++++ DATA SEGMENT ++++

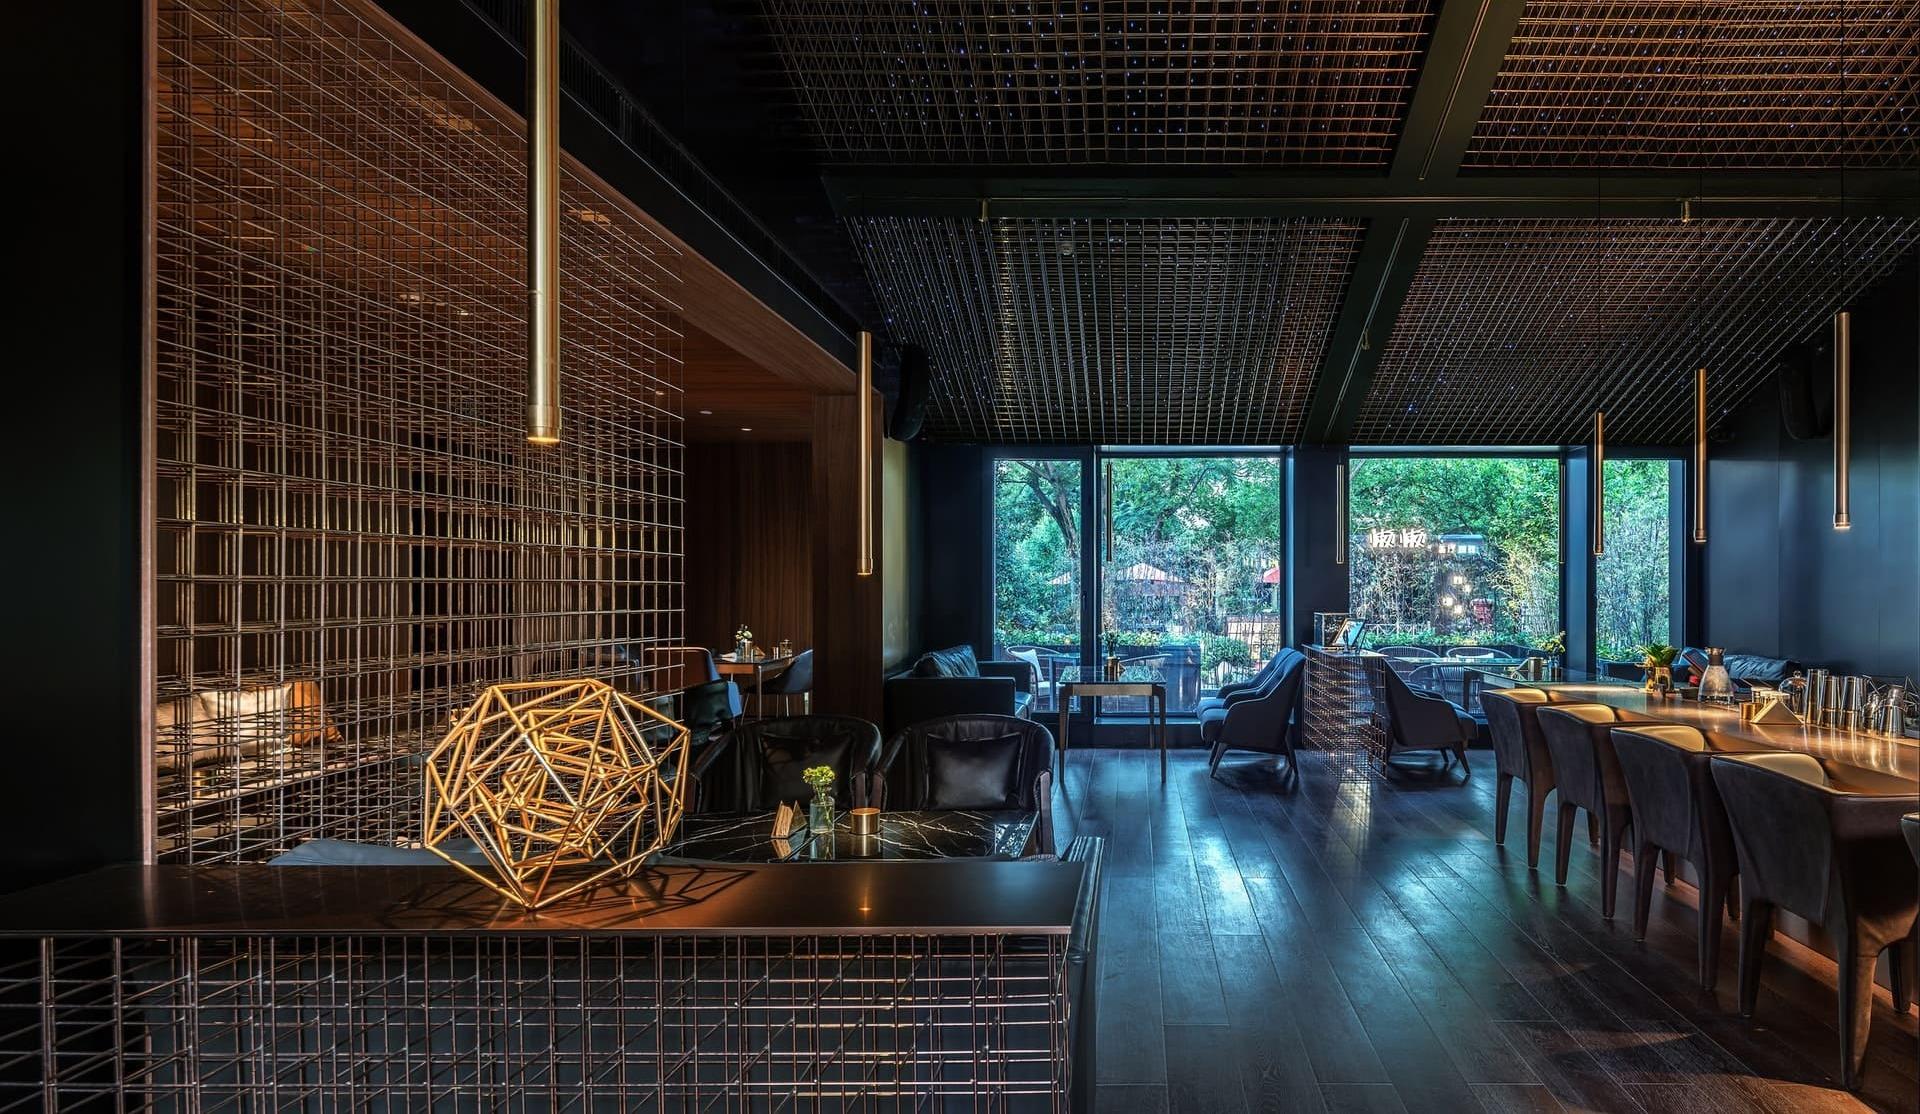 Restaurant Design - Innenarchitektur
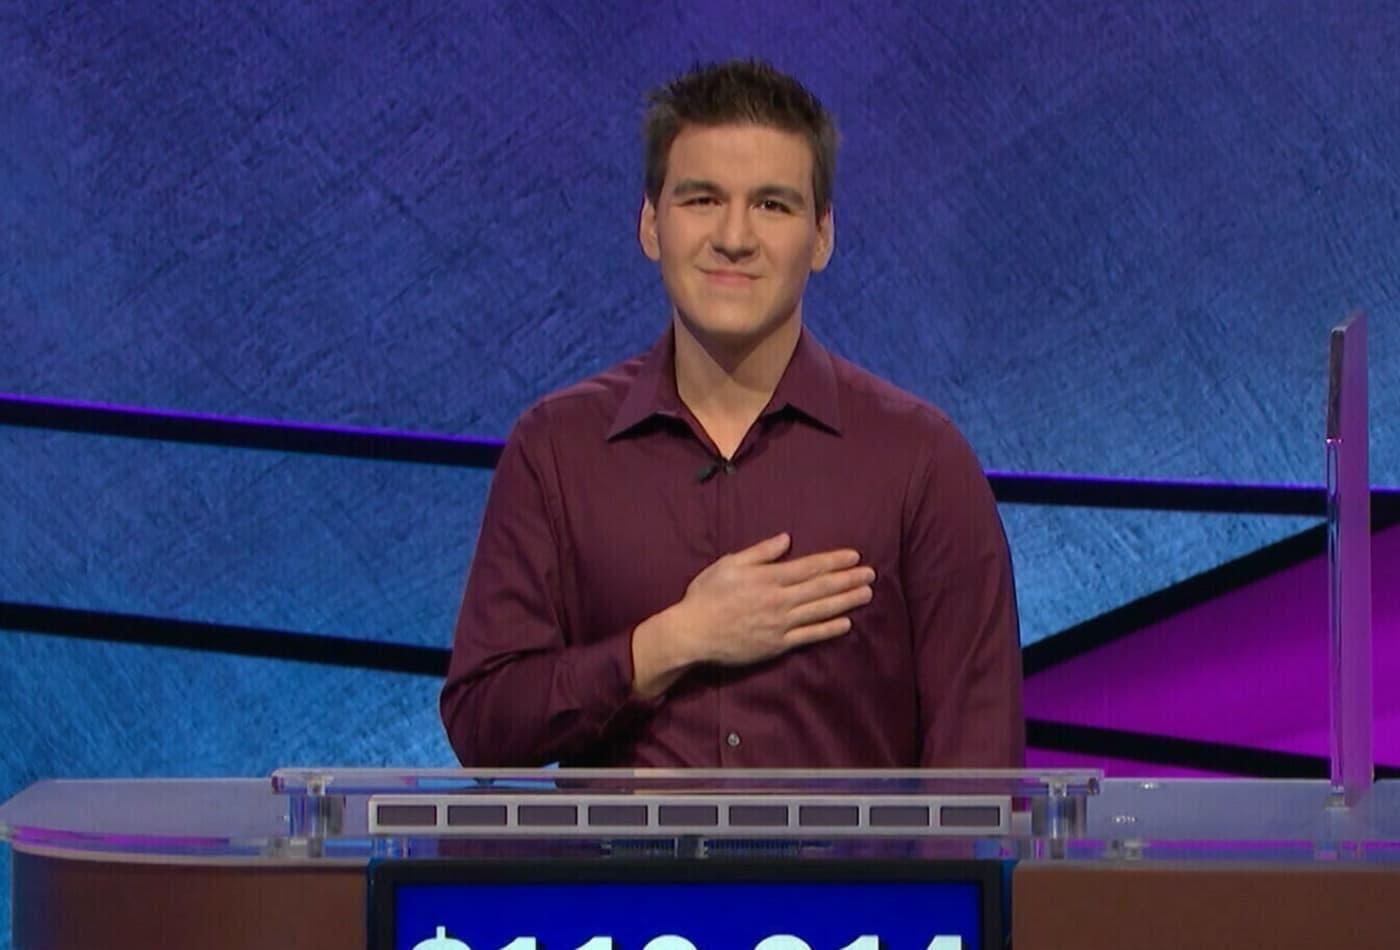 How Jeopardy! champ James Holzhauer has won over $1 million
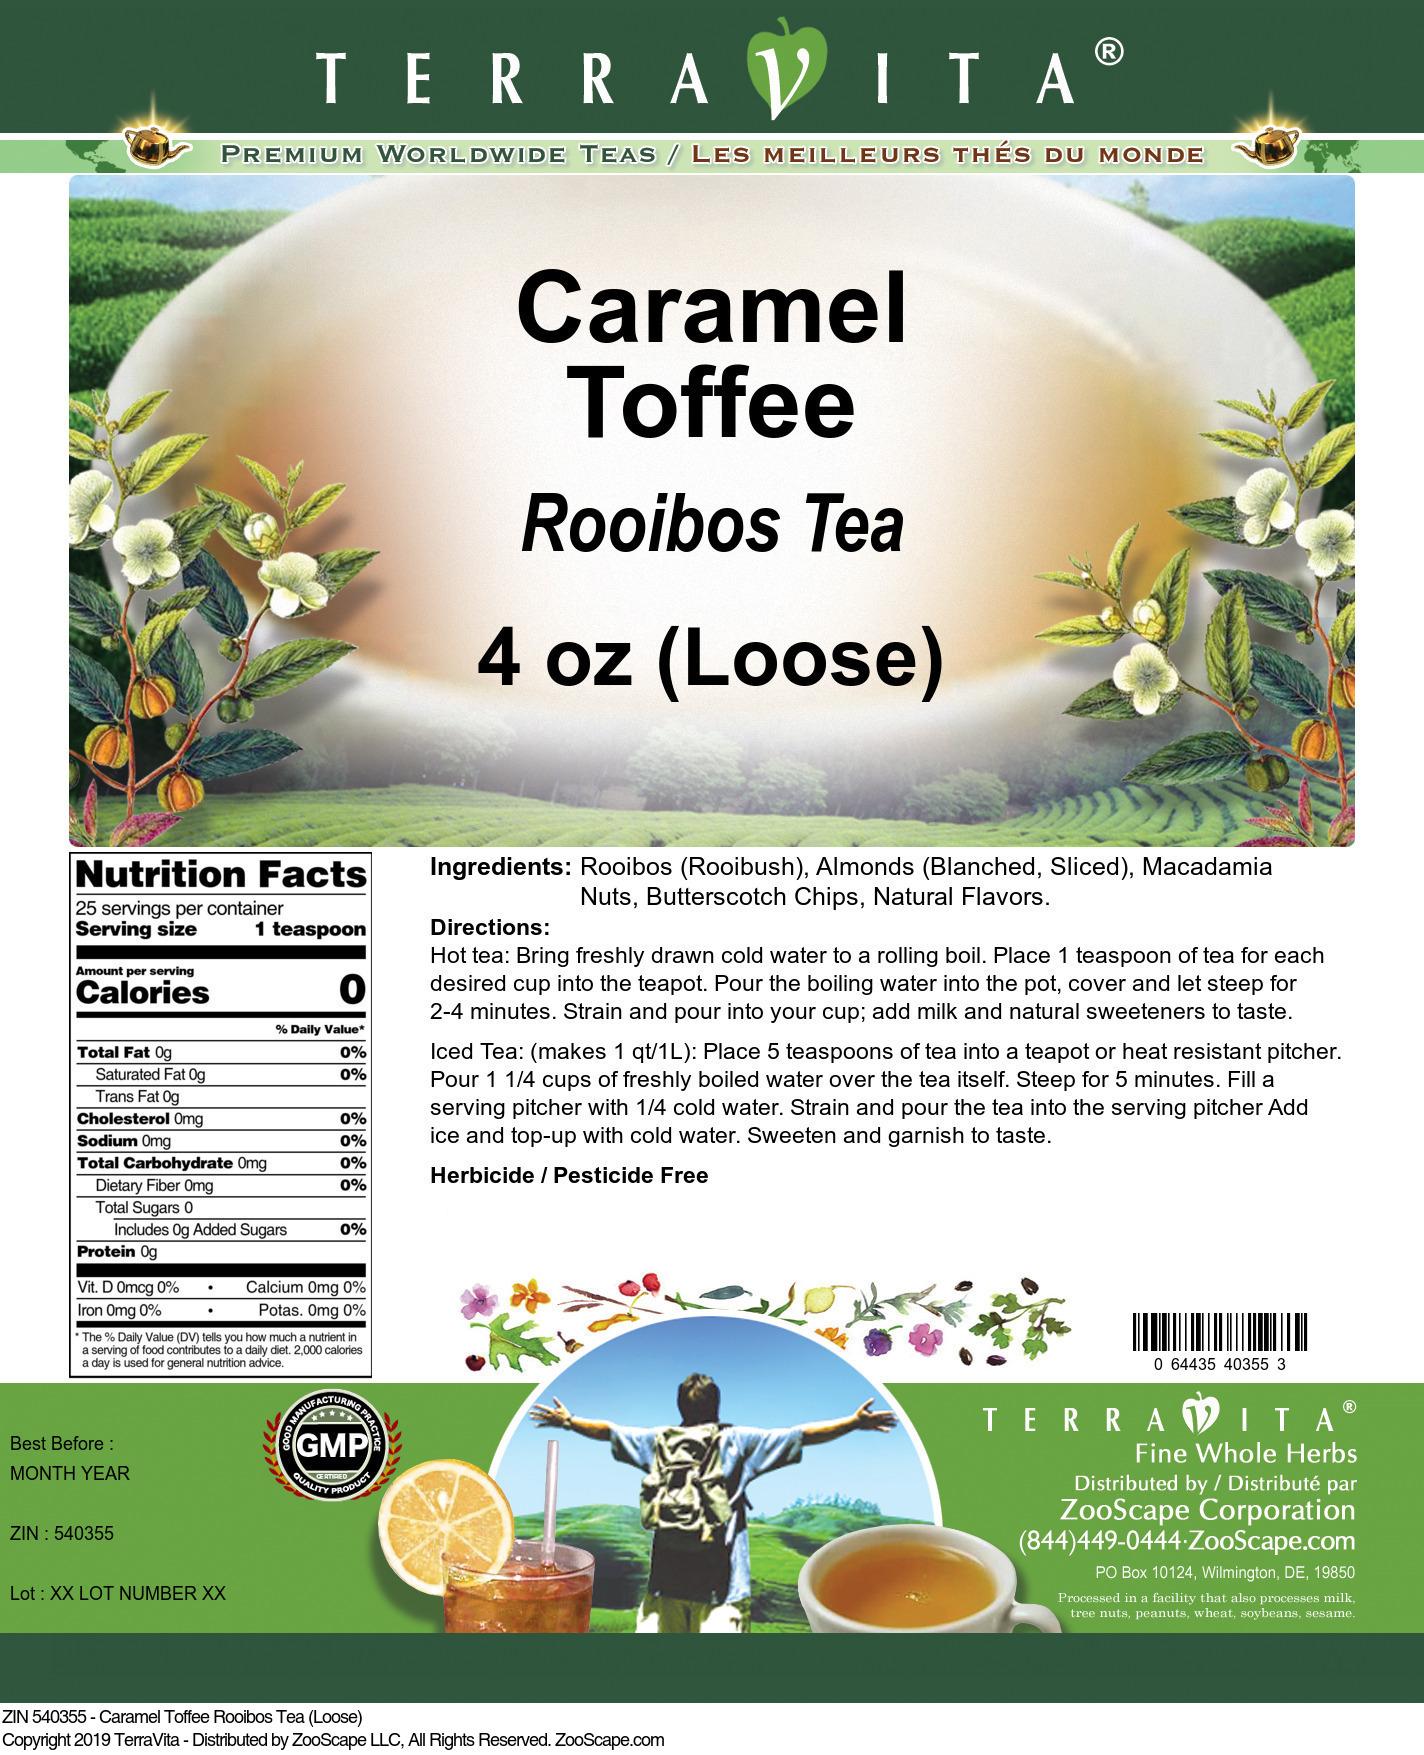 Caramel Toffee Rooibos Tea (Loose)

++++

__WHAT THE EXERCISE ASKS__
From the line holding "How Jeopardy! champ" to the final line of the data above, give each line again exactly, both ends included, and drop the pictures.

__SOLUTION FOR THIS PROBLEM__
 How Jeopardy! champ James Holzhauer has won over $1 million
 Caramel Toffee Rooibos Tea (Loose)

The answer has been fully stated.